Currently, the pair are collaborating with the mayor on his Great Streets Initiative, a series of improvements that will revamp some of L.A.’s more dilapidated thoroughfares. In 2015, as part of this undertaking, LA-Más completed phase one of its Reseda Boulevard project in the San Fernando Valley: A network of thick white lines reimagines the sidewalks’ concrete as stone; custom summer-yellow chairs and bike racks visually (and programmatically) extend storefronts to the street; and shades of cool blue paint coat the underside of a multi-storefront awning. Though the modifications were originally conceived as a temporary installation, Reseda businesses wished to preserve them. “Because we worked with a local community group, we were able to make sure that they were going to maintain it and own it,” explains Leung. “It’s almost been three years and it’s still looking new.”
Since its success at Reseda, LA-Más has begun focusing on another of Garcetti’s Great Streets: an undernourished stretch of Western Avenue. The firm’s plan calls for an array of pedestrian-focused street improvements meant to benefit more than a dozen small businesses. (The first phase of the proposal is slated to be unveiled to the public in August.)
To provide Angelenos with some relief from soaring rents, LA-Más began experimenting with accessory dwelling units (ADUs), small residential buildings constructed in the vacant space of a preexisting housing unit’s lot. Along with designing a 1,100-square-foot, $300,000 pilot project in Highland Park, LA-Más is championing pro-ADU legislation (California’s senate bill SB-831). The system could prove to be a critical tool in easing the state’s housing crisis without irking NIMBYs, and, according to Leung, form an “easier, cheaper, and potentially community-led way for Los Angeles to add housing in general.”

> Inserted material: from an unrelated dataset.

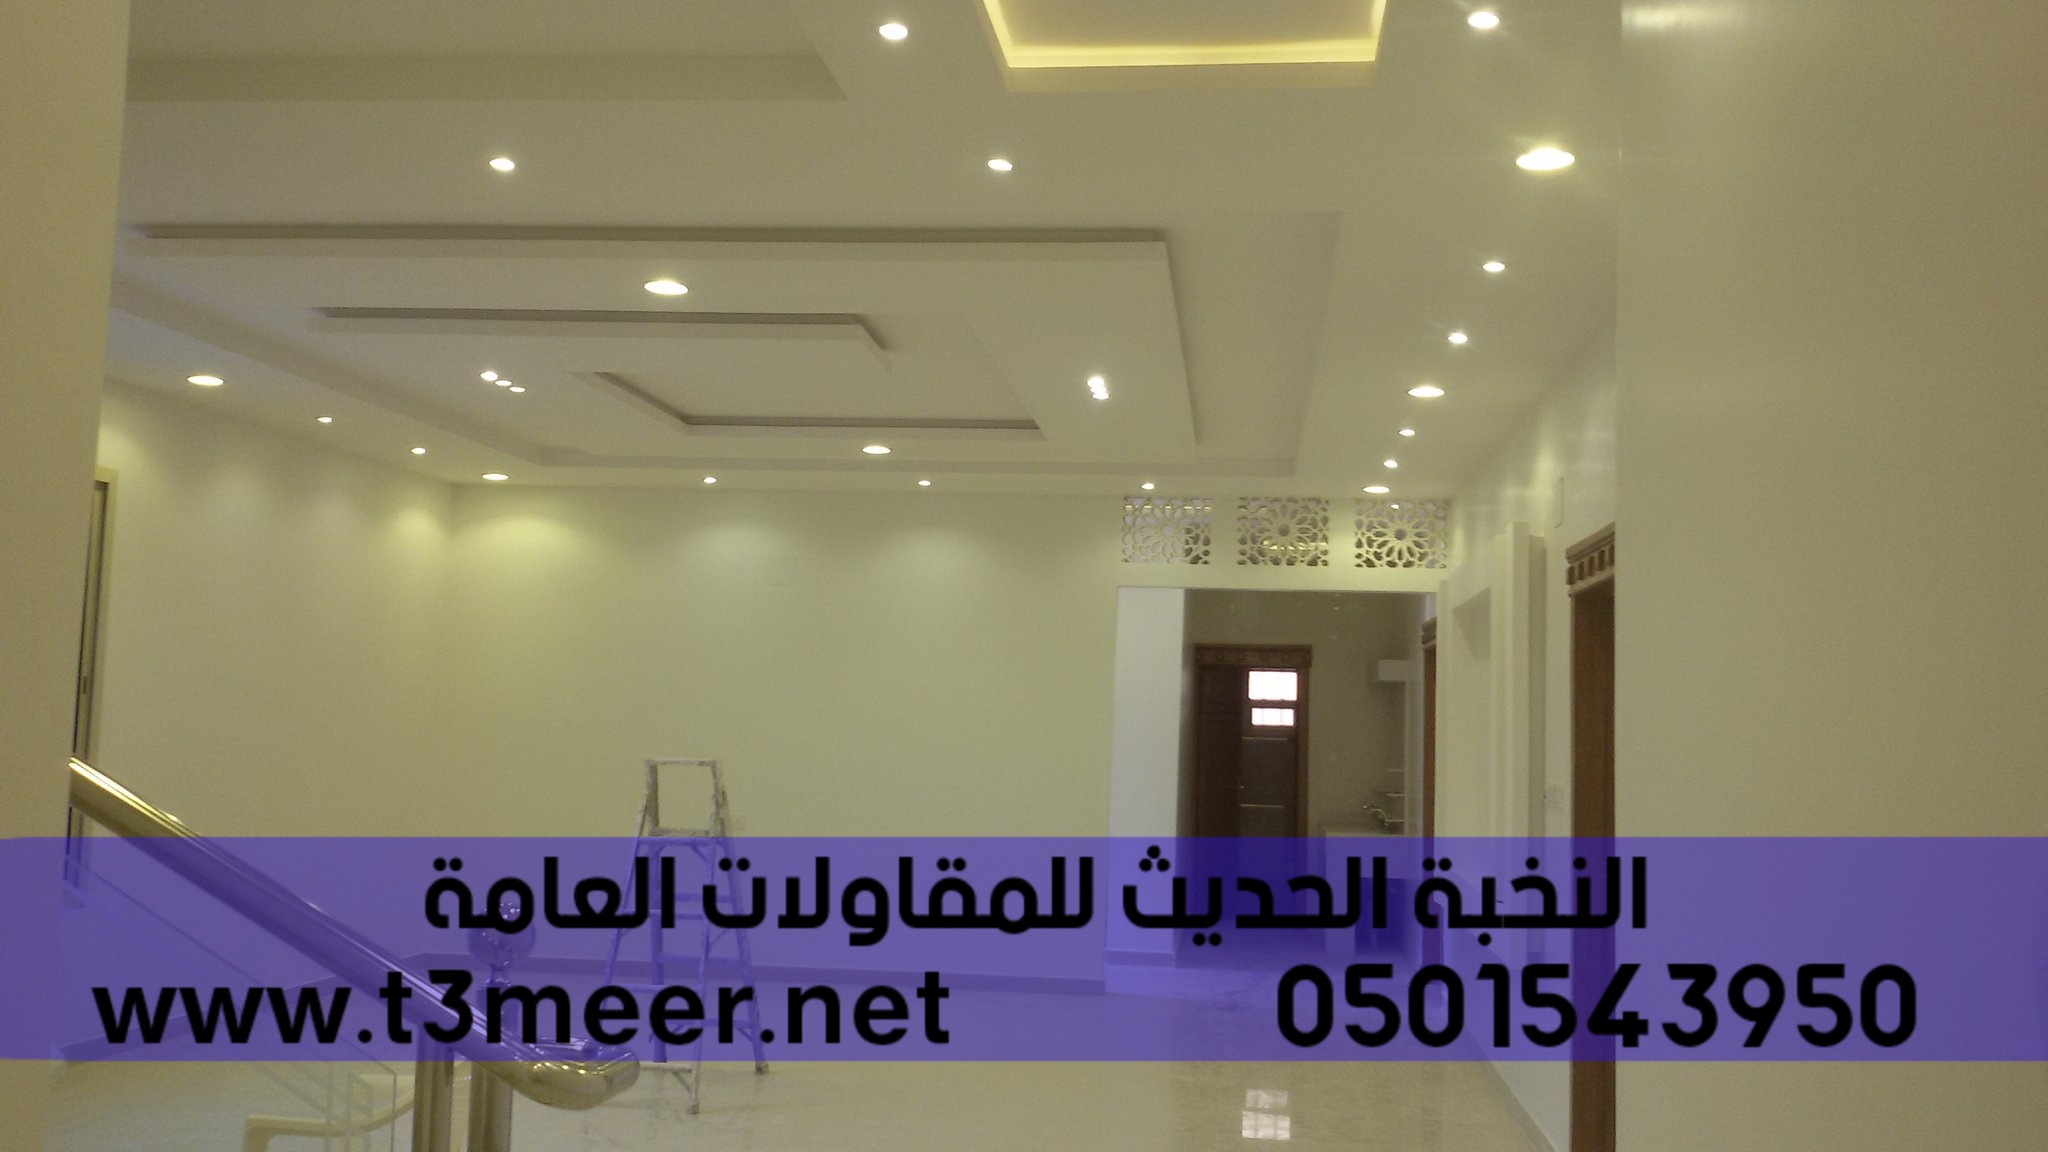 تشطيب منازل و بناء عظم في الرياض , 0501543950 P_2431wtw5g1

While the scope of some of LA-Más’s endeavors stands to alter entire neighborhoods, others call for revitalization on a smaller scale. Located on the southwestern corner of Ivar and Selma Avenues, and sited on a missable sliver of dirt between a sidewalk and a parking lot, Hollywood Pop is a curious project and an instructive example. By inserting cartoonishly bright green plywood “trees” and red-orange picnic tables, LA-Más provided what is probably the most colorful and alluring public seating in Hollywood. The flashiness feels appropriate, though, as Pop is in full view of nightclubs and landmarks like the Hollywood Sign, Amoeba Music, and the International Scientology Center.
Instagram-friendly, inviting, and thoughtfully simplified, Hollywood Pop reflects the ethos of both LA-Más and Los Angeles. “Our work is a celebration of the areas we’re working in,” asserts Timme. “It’s meant to be provocative and to call attention to territory that has previously been ignored or neglected.” Los Angeles might be distracted by its shiny new toys, but LA-Más remains laser focused on fixing the city’s chronic ailments, one intervention at a time.